Ponzi schemes, which are named after Charles Ponzi, have become common since the early 20th century. These fraudulent activities involve little or no legitimate business activity and rely on funds from new individuals to pay the dividends of earlier buyers, creating the guise of a successful business. As a result, many have fallen victim to this type of scam.

Pyramid Schemes:

Unlike Ponzi schemes, which use funds from new buyers to pay the dividends of earlier buyers, pyramid schemes operate on a different principle. They rely on a never-ending stream of participants to recruit new members into the scheme. Promising high returns to lure them in.

As a result, the scheme creates a hierarchical structure in which members at the top of the pyramid receive the most profits. While those at the bottom are left with nothing. Since there is no legitimate business activity generating profits, the scheme is unsustainable and will eventually collapse. Resulting in significant losses for many.

Overseas property ventures:

Sales agents often resort to deceptive tactics to attract people. They might reach out to potential victims unexpectedly, and present shiny brochures and websites to sell them land or property that they have never seen.

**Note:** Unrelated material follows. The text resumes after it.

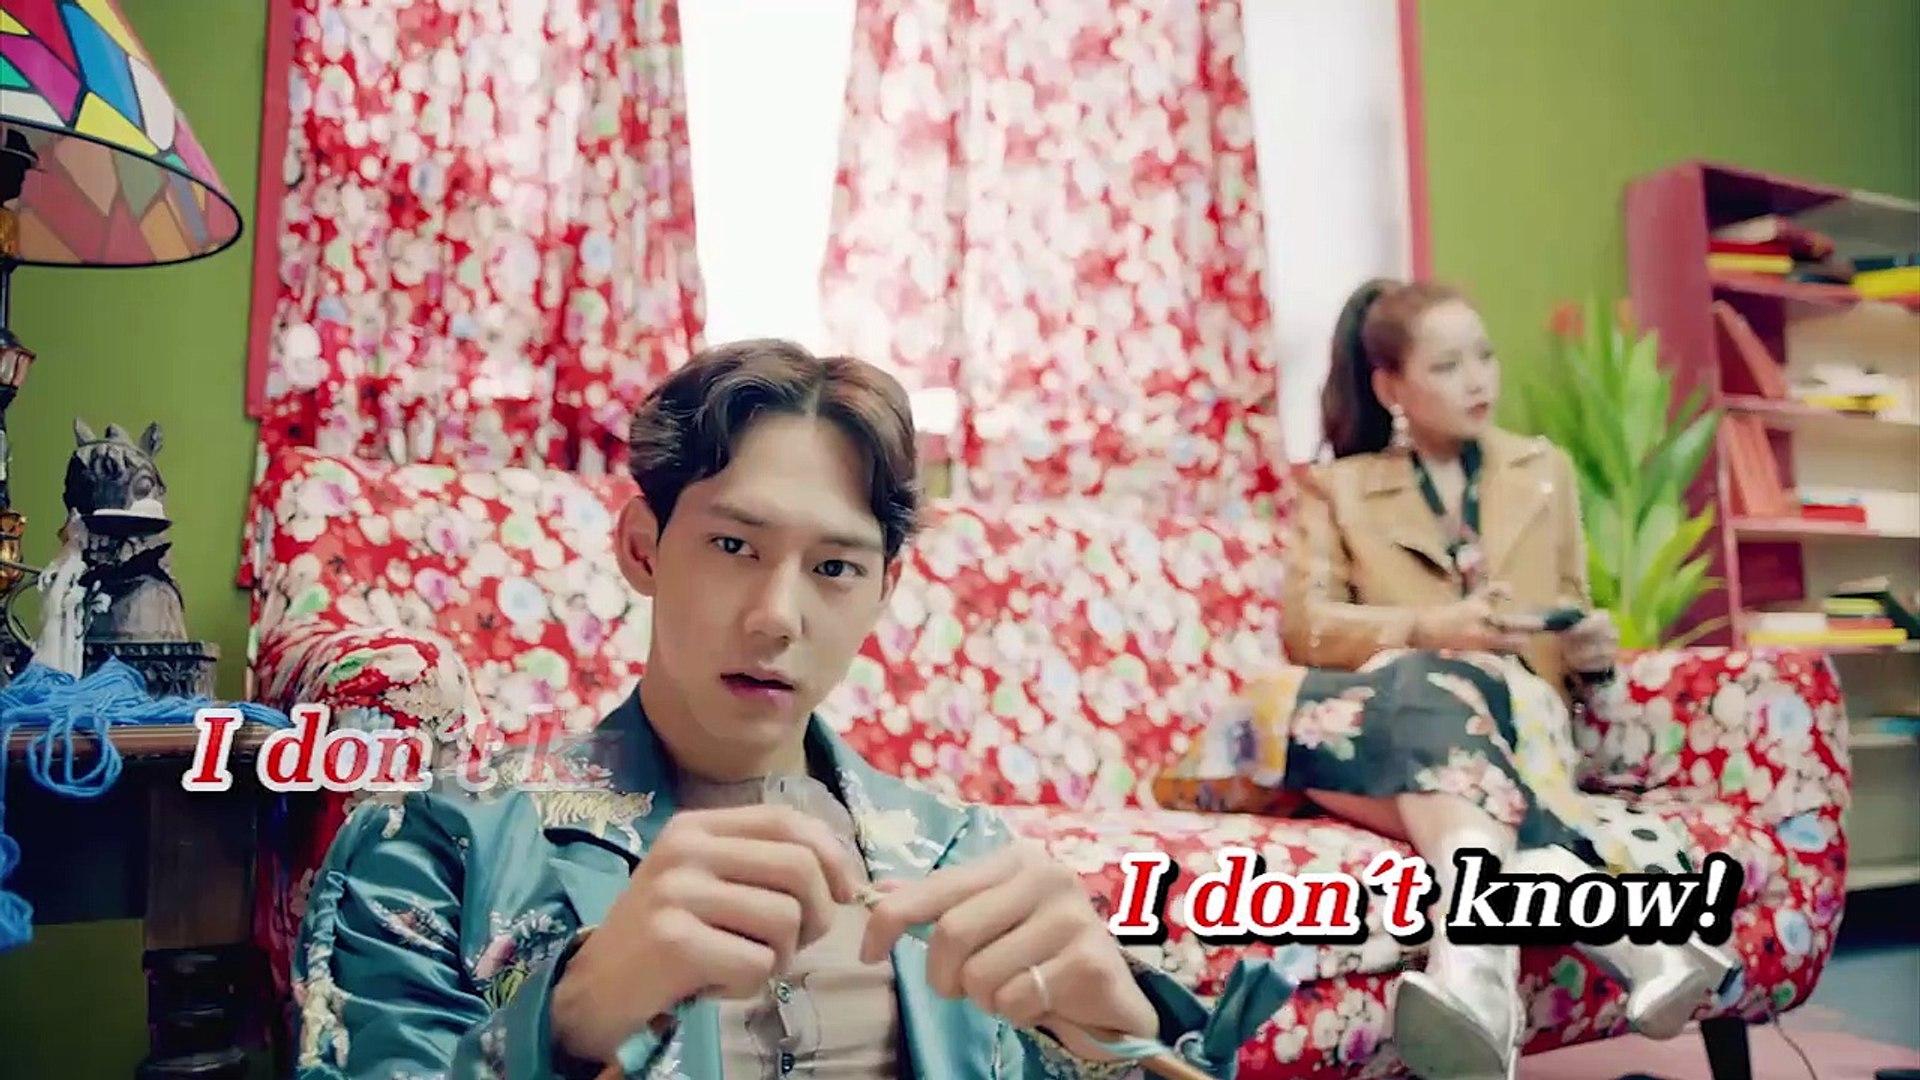 [Karaoke] Cho Ta Gần Hơn (I'm In Love) - Chi Pu [Beat]

Moreover, they may falsely claim that they do not need regulation since they are not a collective investment scheme (CIS).

However, you should be aware that if they have no control over managing their plot and the scheme pools funds, an operator is responsible for managing the business, and it is indeed a CIS. As a result, it should be regulated by the Financial Conduct Authority.

Early Pension Release:

When it comes to early pension release, the stakes are high and you should be extra cautious. These companies may try to mask their fraudulent activities by labeling them as a ‘pension liberation’ or ‘pension loan’.

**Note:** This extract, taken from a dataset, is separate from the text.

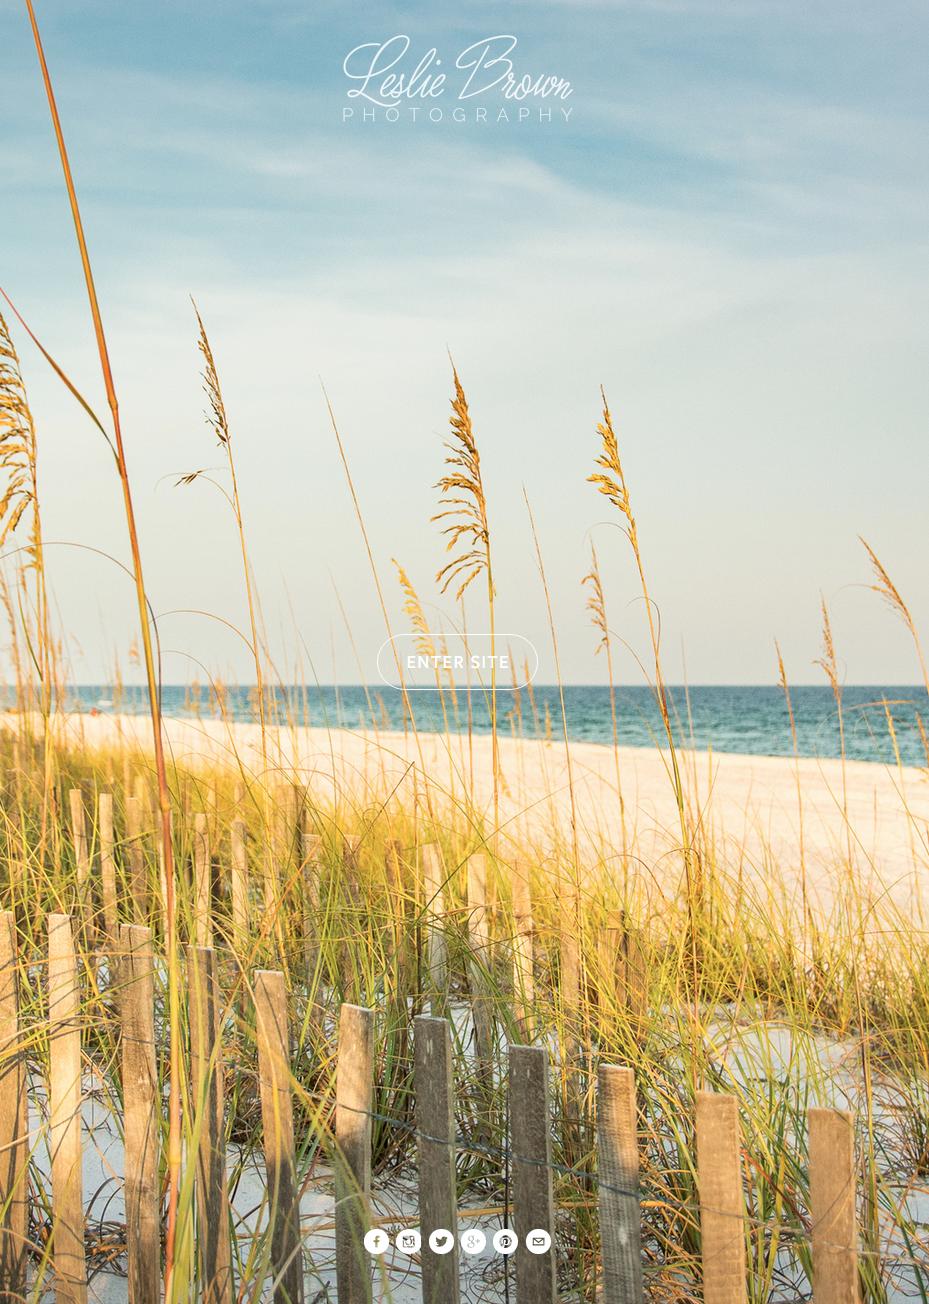 Lazy Beachy Day - Leslie Brown

However, you should be aware that taking money from their pension before you turn 55 is generally not a good idea. Despite the potential for enticing offers, it is important to exercise caution.

Cryptocurrency:

Cryptocurrency is a digital currency used to purchase goods and services online, without relying on traditional banks for transactions. Instead, cryptography verifies these transactions. However, be wary of companies who use email to offer ‘irresistible' opportunities. These criminals take advantage of victims by taking their money and then disappearing without a trace.

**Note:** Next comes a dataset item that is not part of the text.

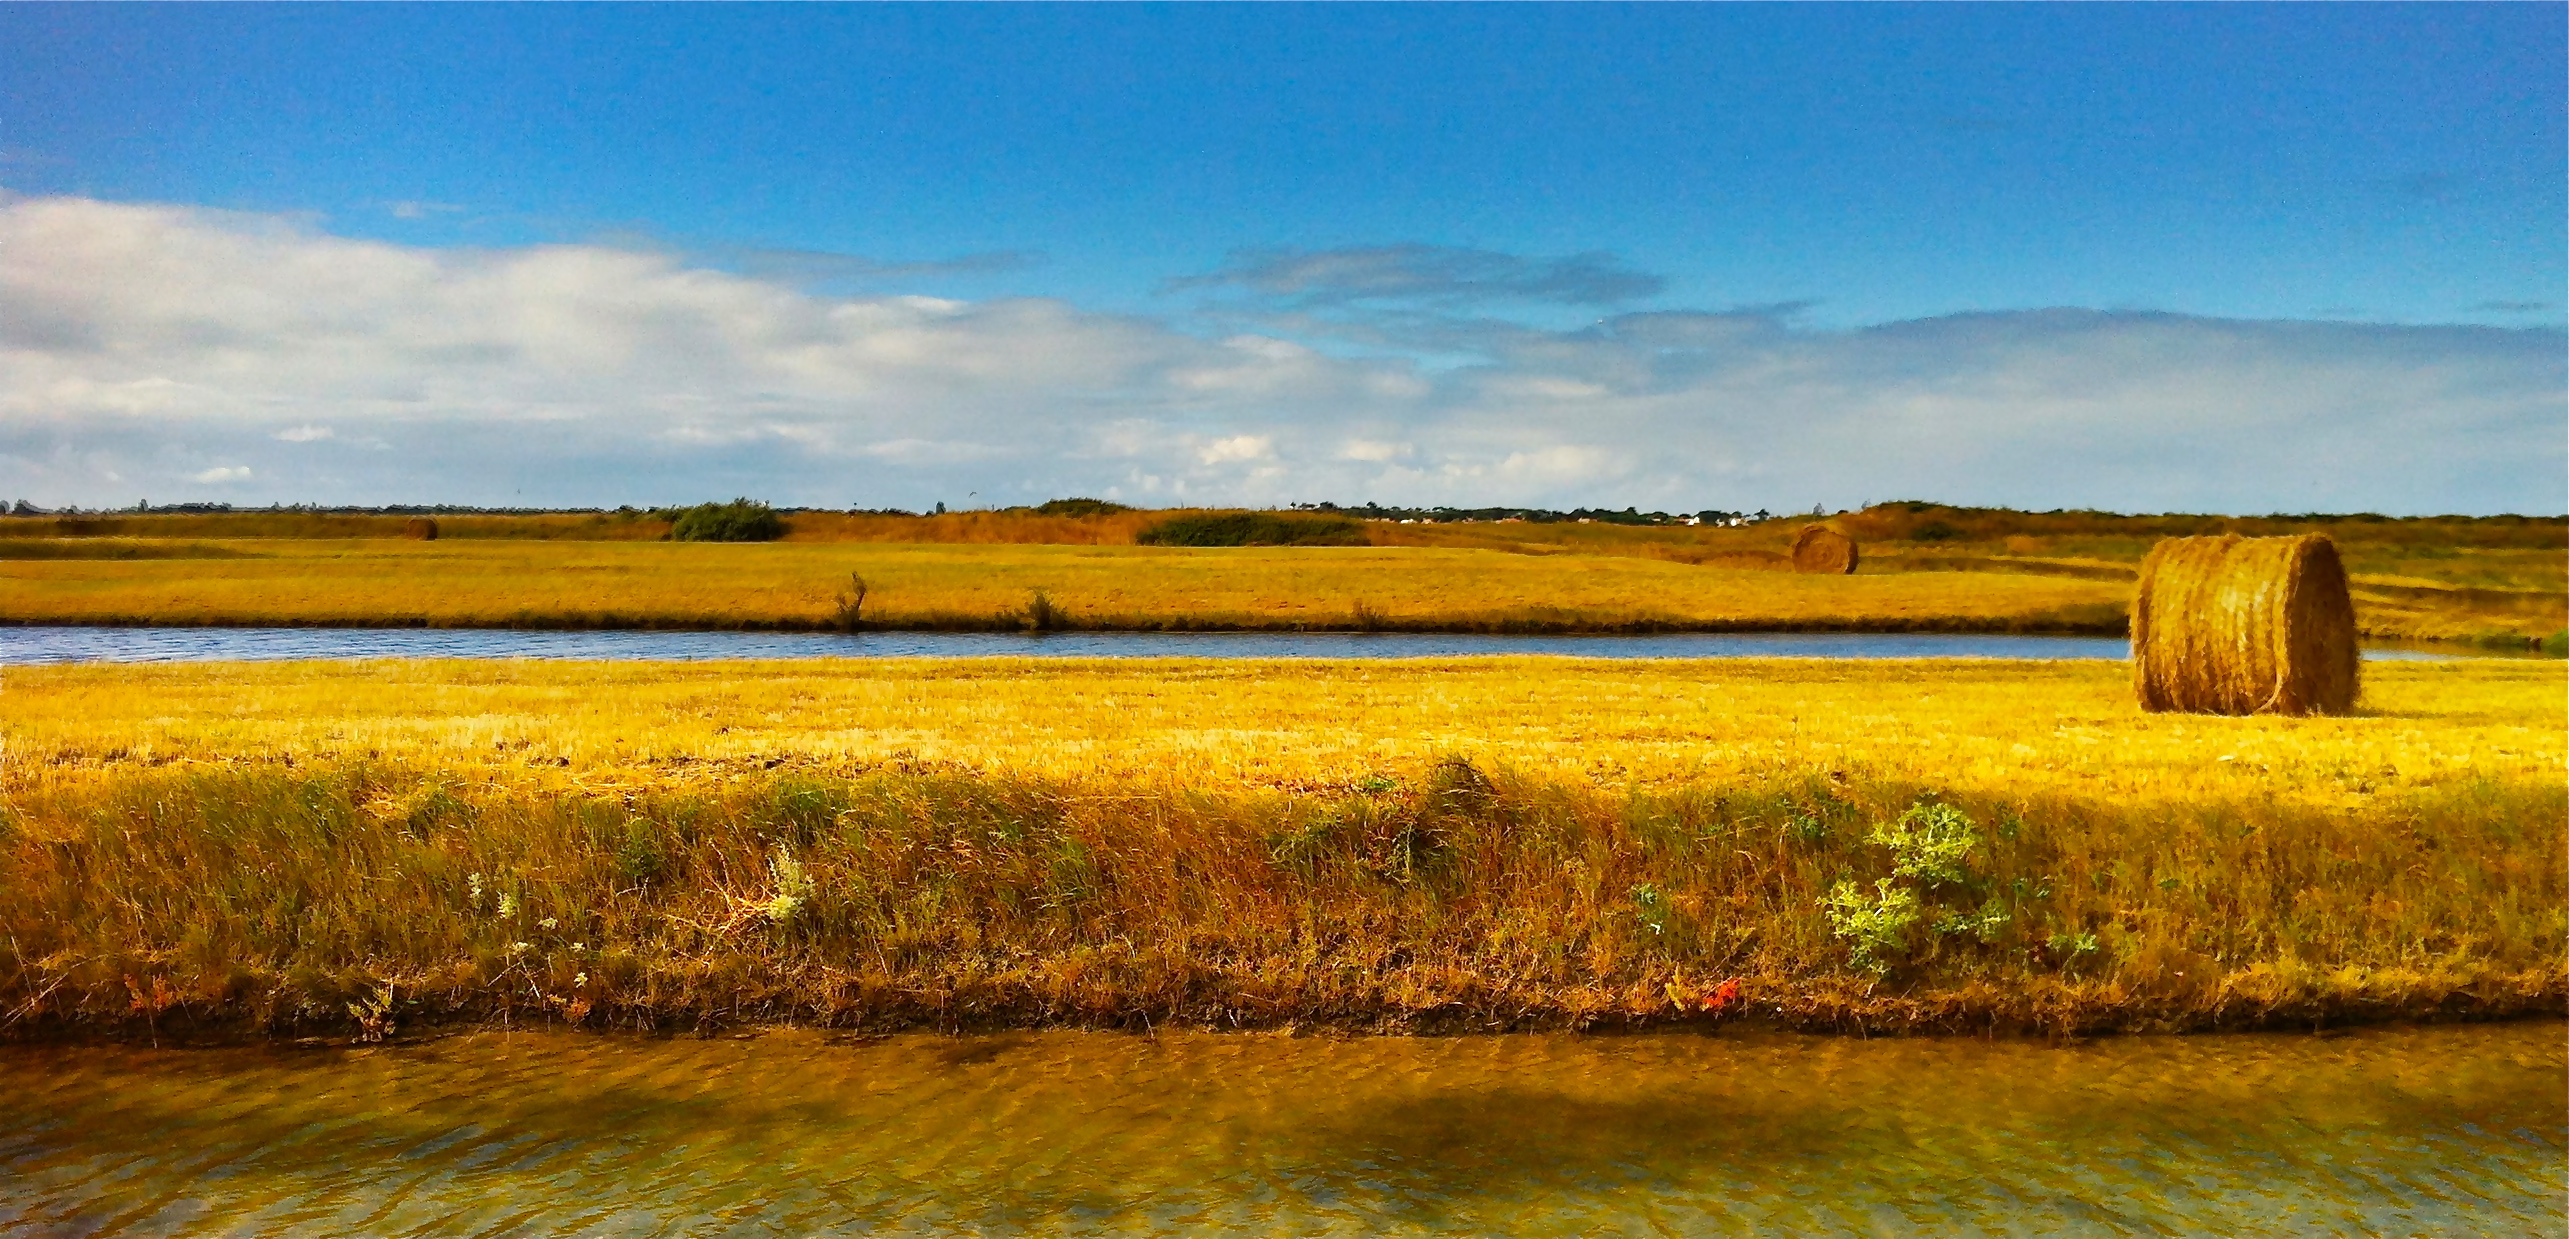 Isle de noirmoutier flojohn travels

To avoid falling for these, it is essential to exercise caution when it comes to social media advertisements for cryptocurrency. Additionally, it is crucial to AVOID all cold calls. It is common for these opportunities to start with a cold call, so you should be especially cautious if you receive one.

Unregulated products:

Unregulated products such as gold, diamonds, wine, hotels, whiskey, parking, and storage, to name a few, are often the target of unsavory activity. You are often contacted out of the blue. Usually via email, post, or in person at a seminar/exhibition. Unfortunately, there will usually be pressure to part with money quickly for returns that are unusually high.

These schemes are often based outside of the UK, but claim to have a UK base. Plus a prestigious London address, which adds to their perceived legitimacy.